### What to produce
When you copy the material below, keep every line exact and leave each picture out.

### Supplied data
----

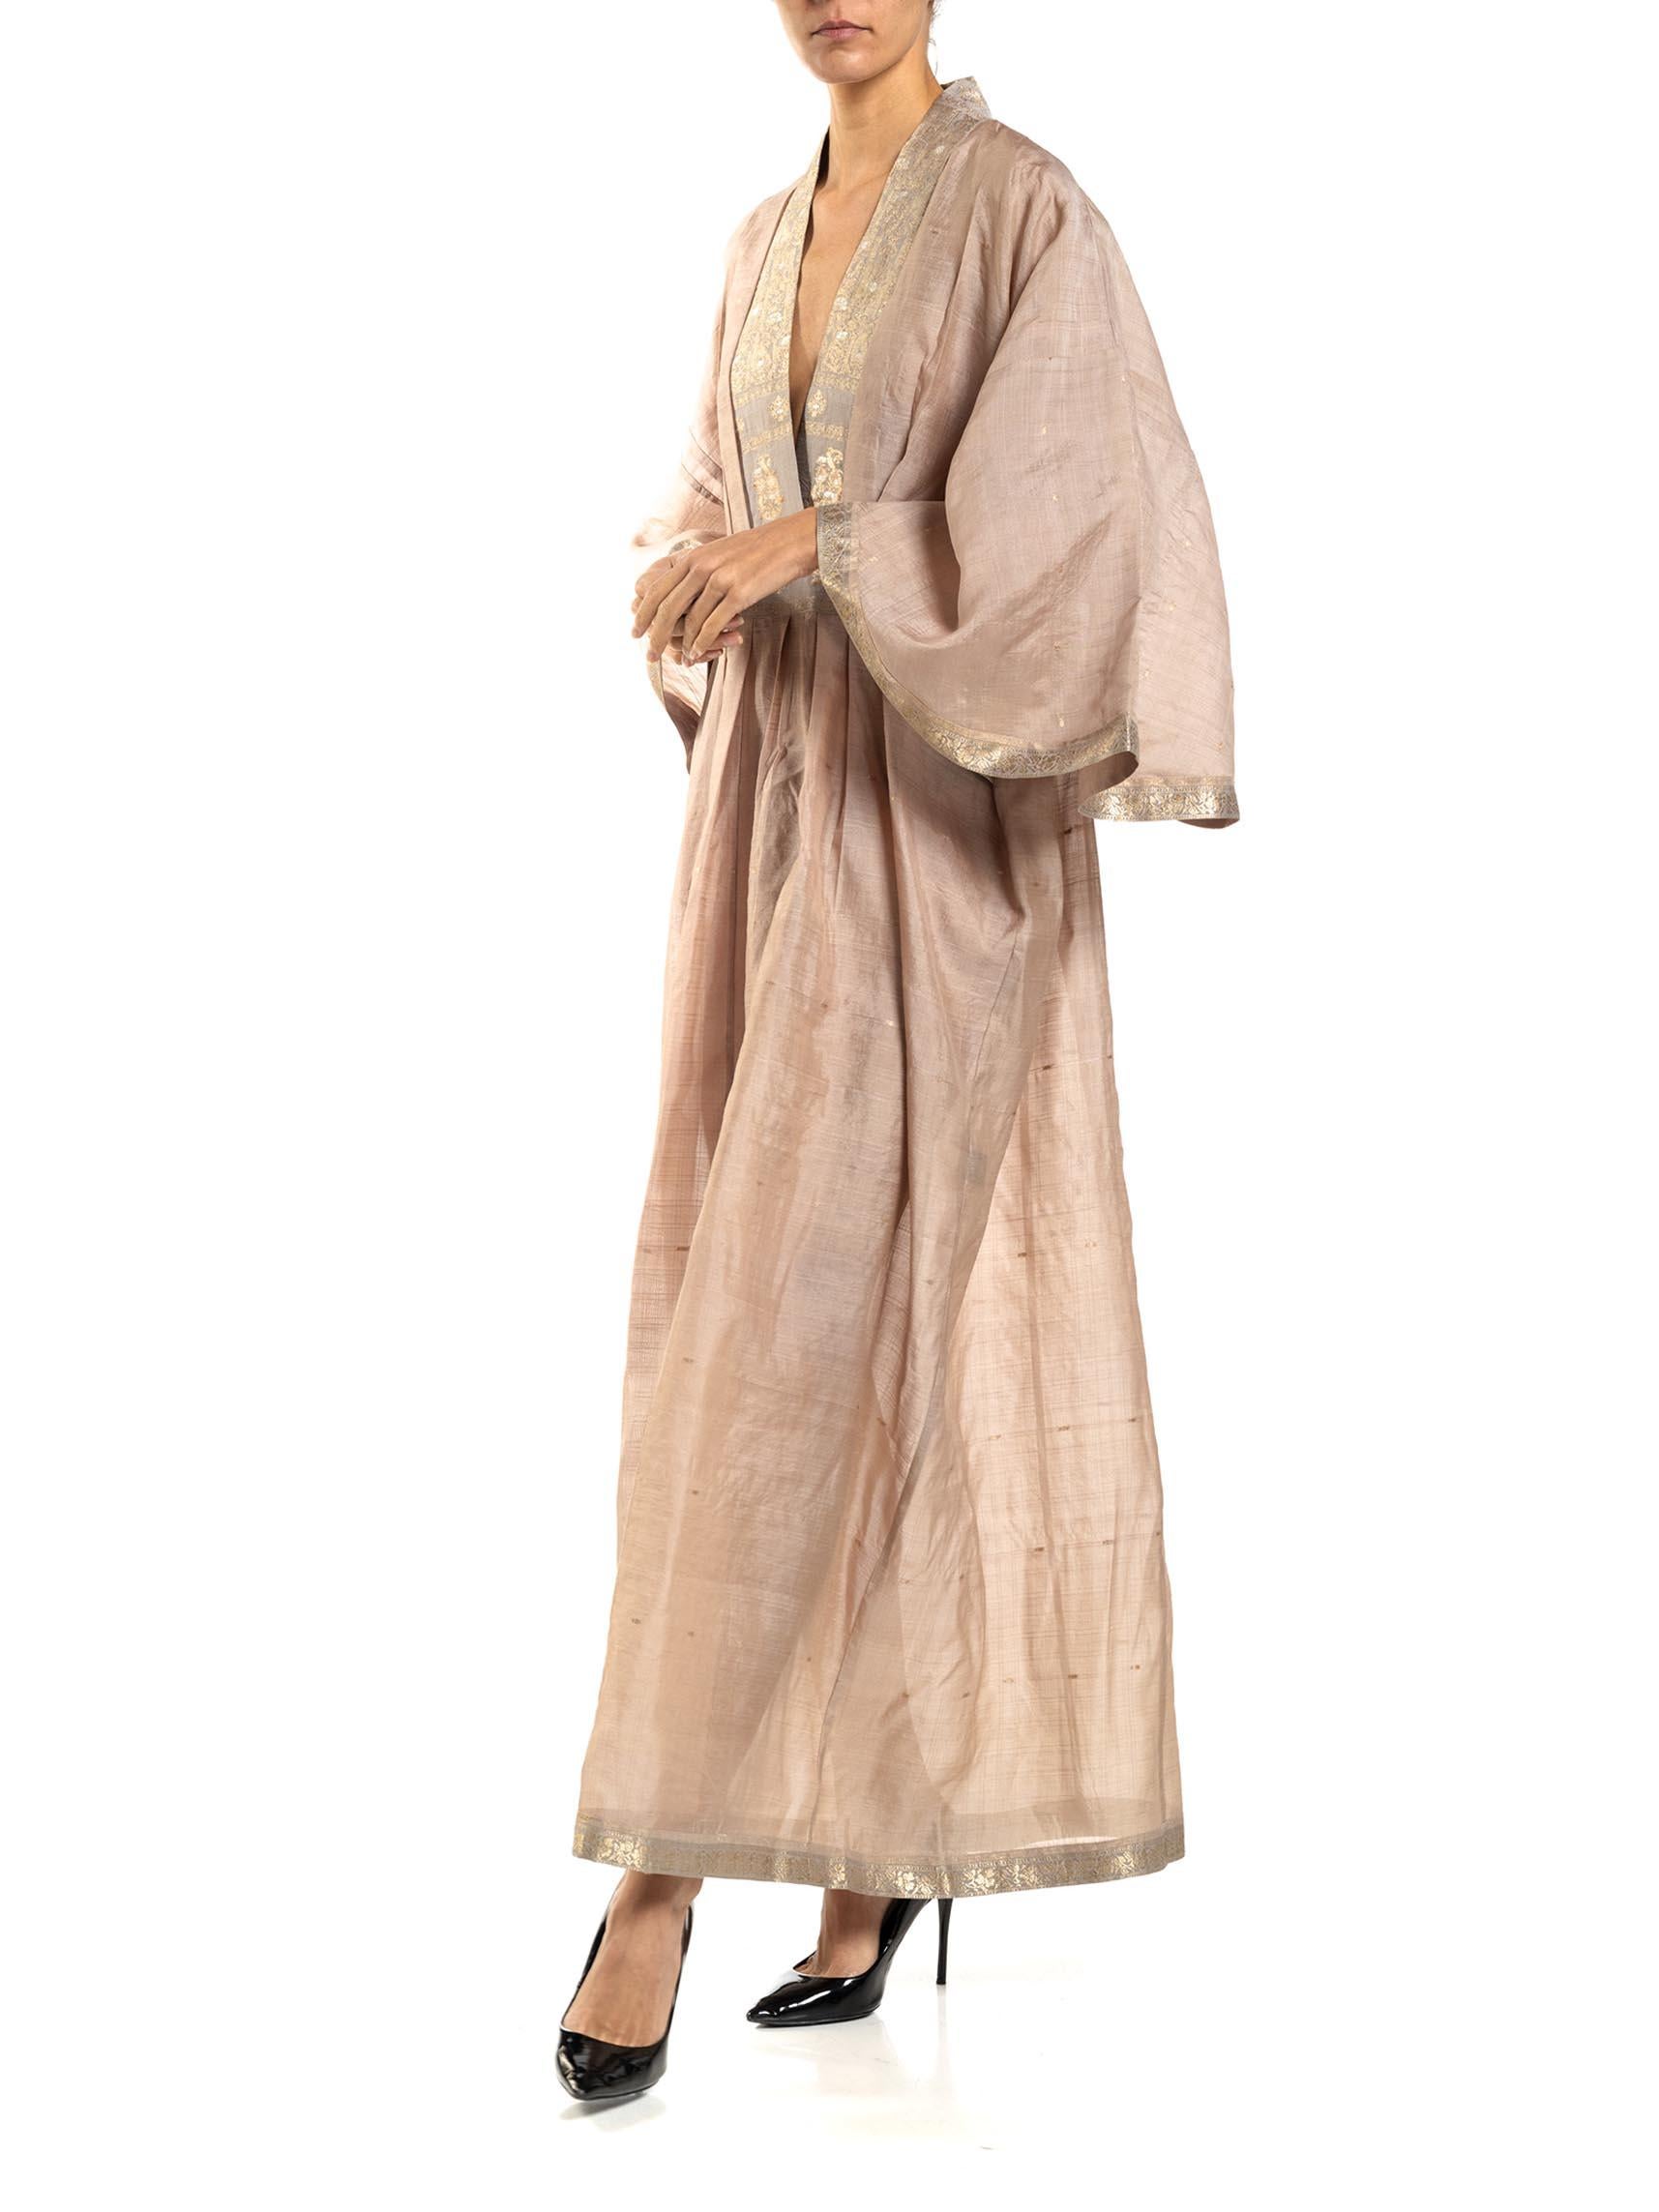 Women's MORPHEW COLLECTION Dusty Pink Silk Kaftan Made From Vintage Sari For Sale
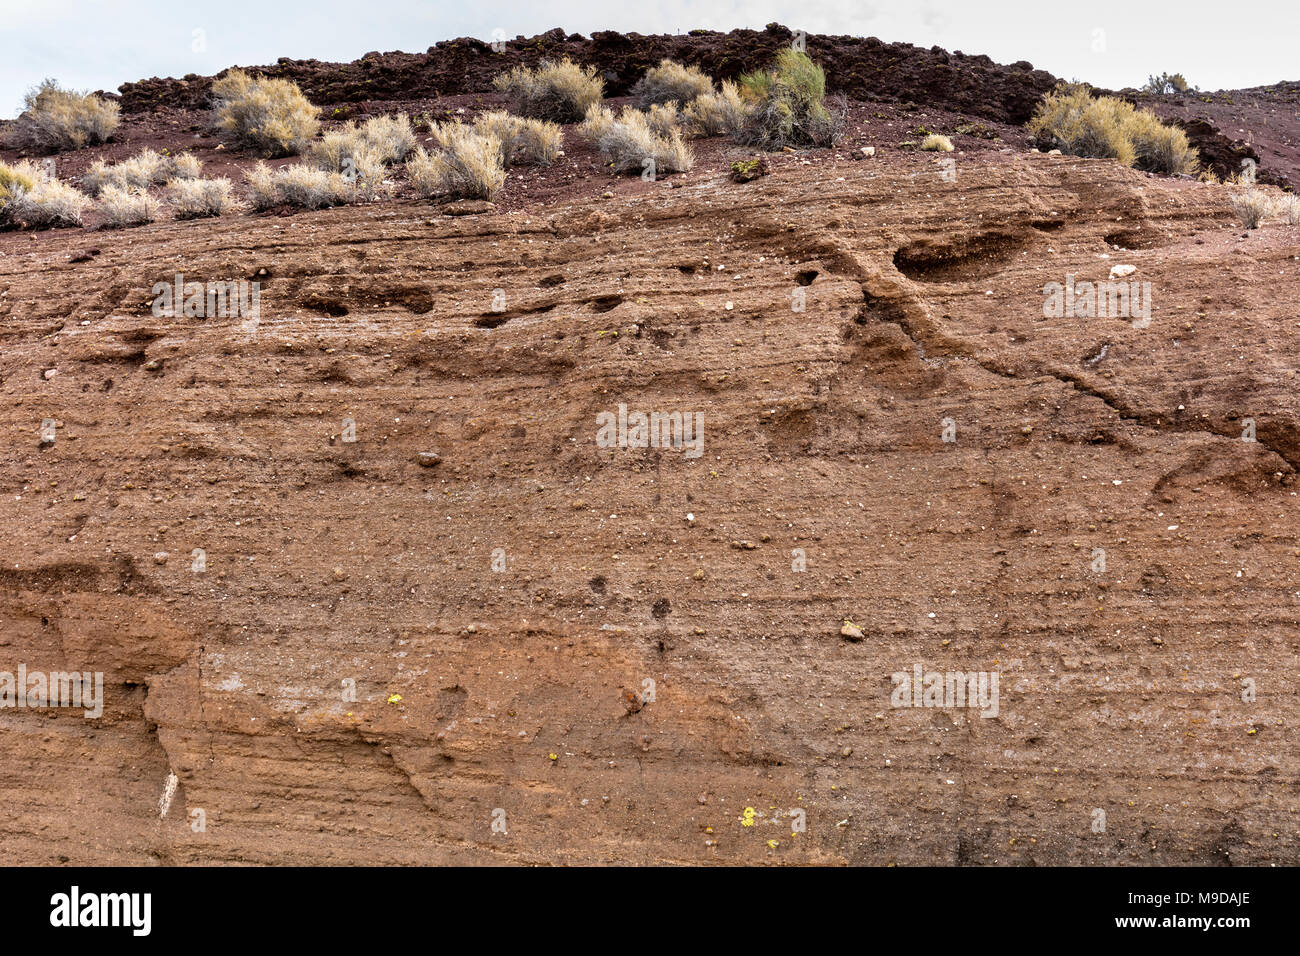 Exposed Strata Showing Volcanic Ash Deposition, Sunset Crater National Monument, Arizona Stock Photo
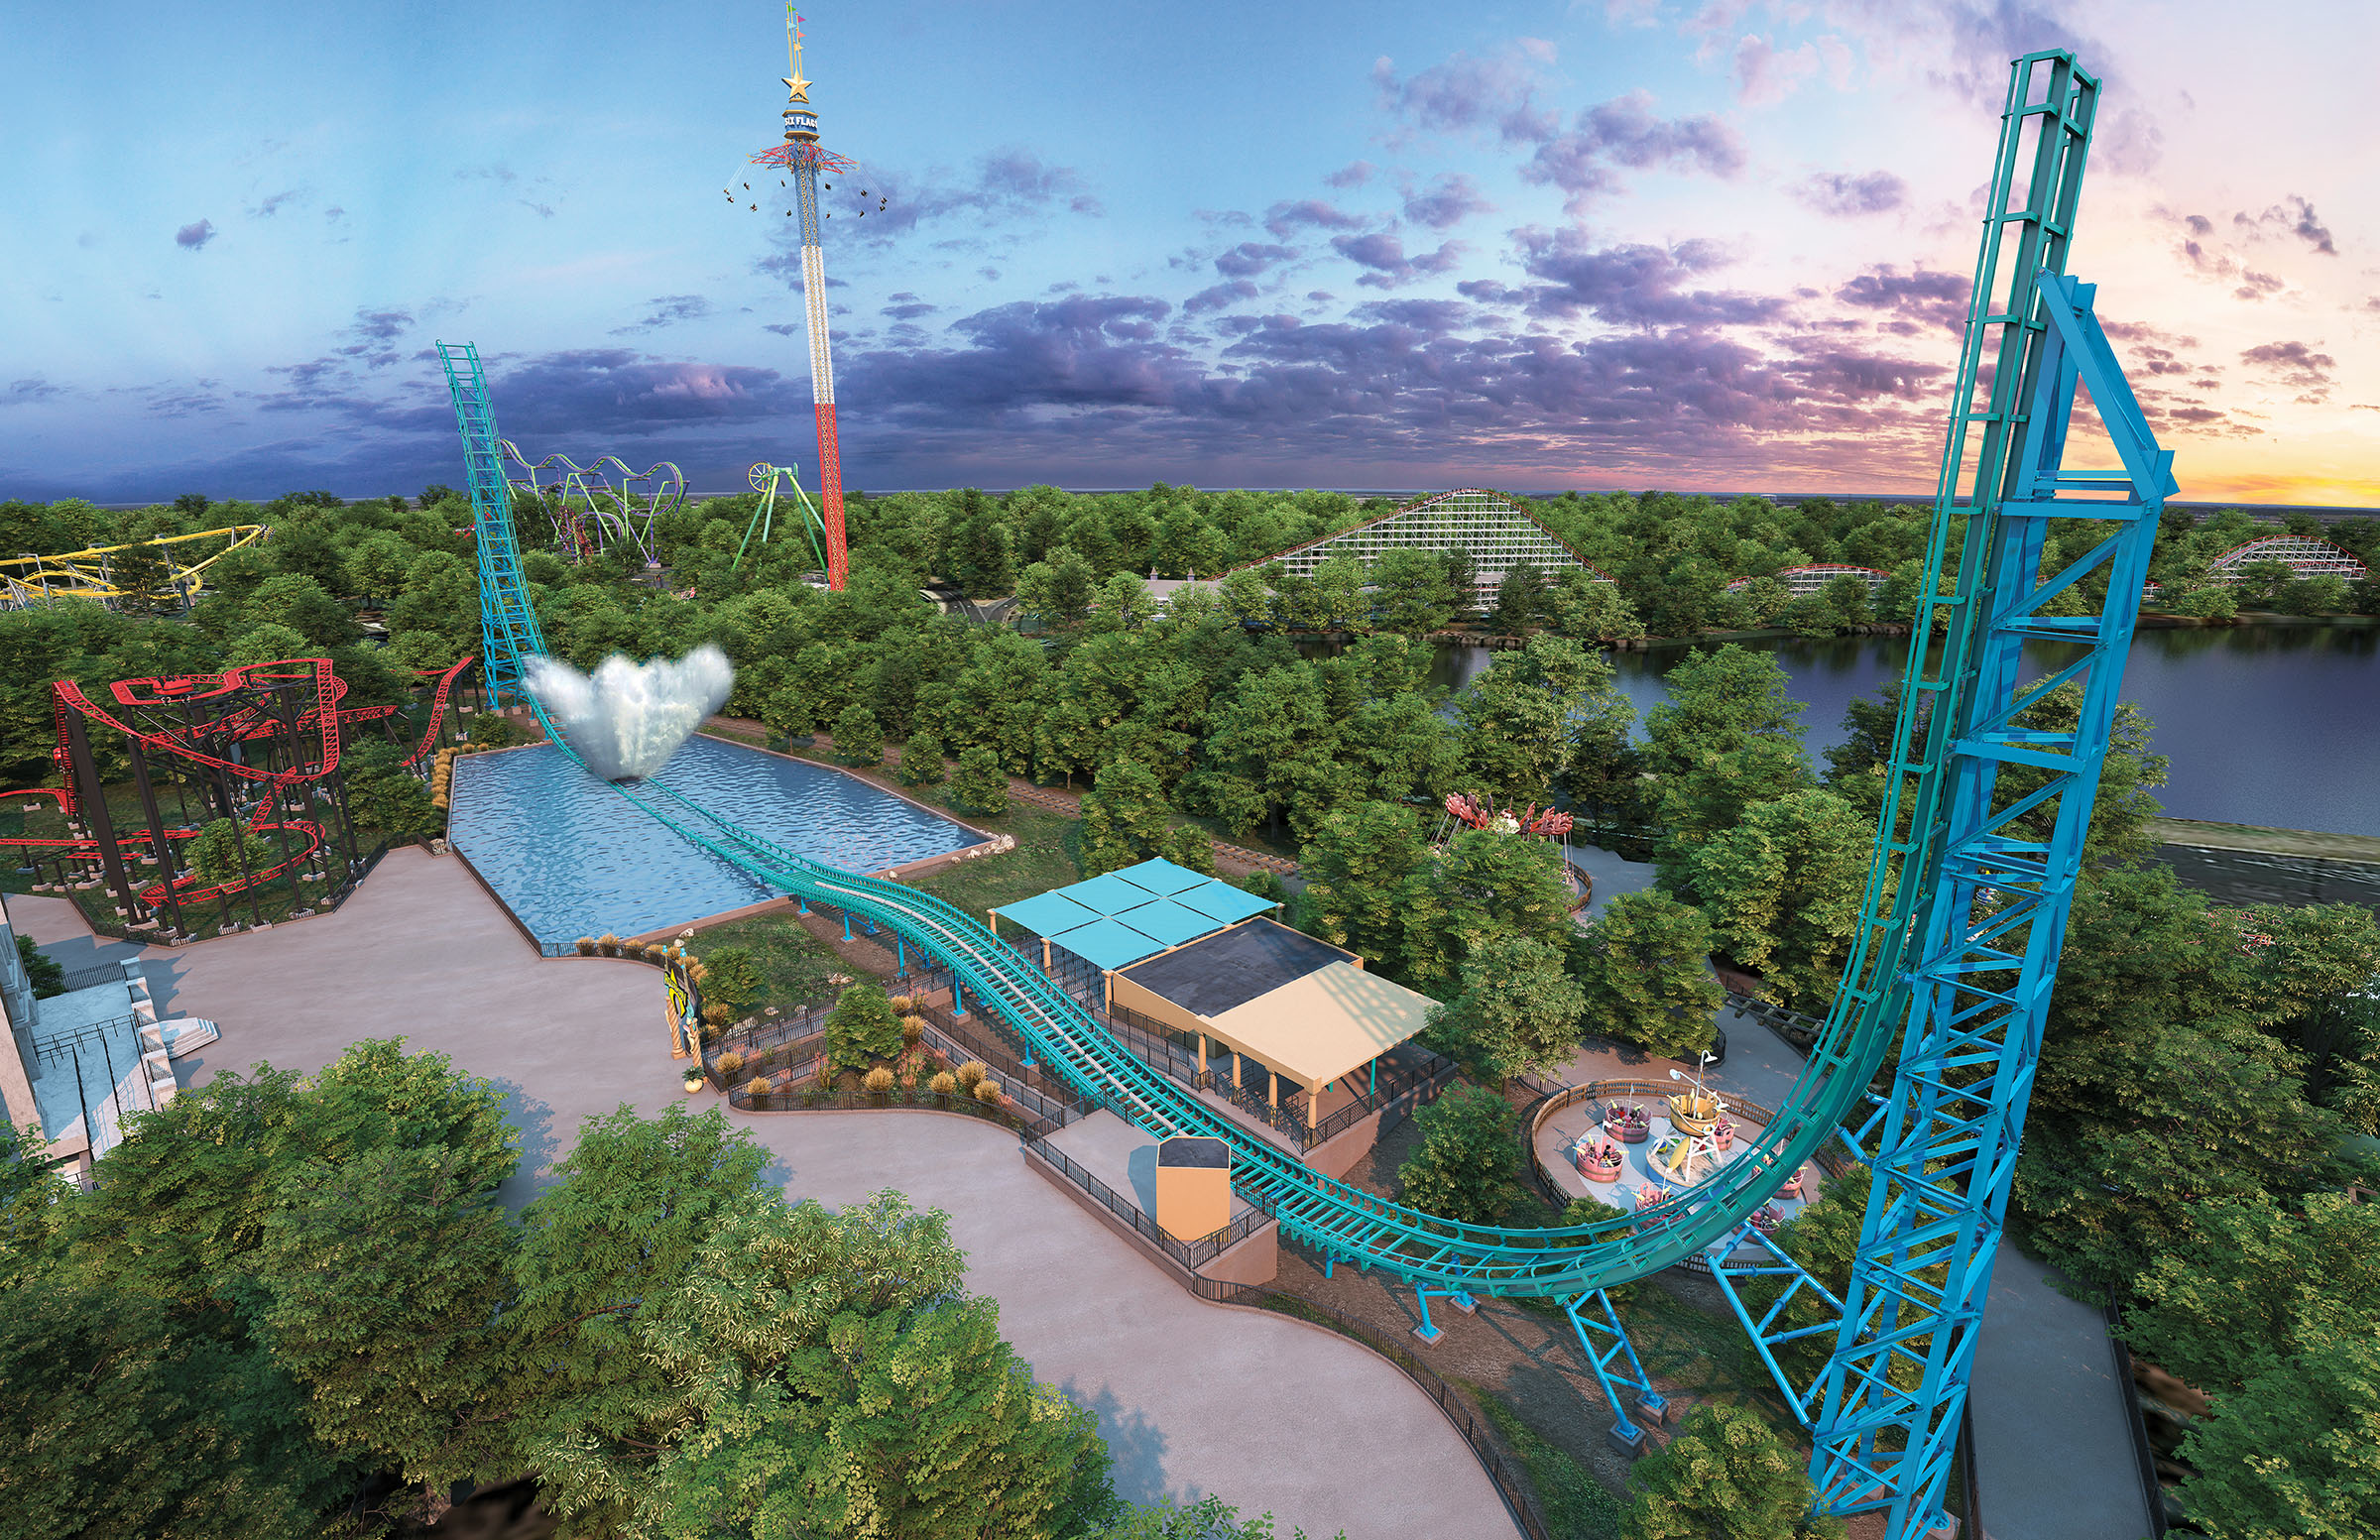 A photo of a very tall, bright blue roller coaster above green trees

----

### Written response
 Women's MORPHEW COLLECTION Dusty Pink Silk Kaftan Made From Vintage Sari For Sale
 Exposed Strata Showing Volcanic Ash Deposition, Sunset Crater National Monument, Arizona Stock Photo
 A photo of a very tall, bright blue roller coaster above green trees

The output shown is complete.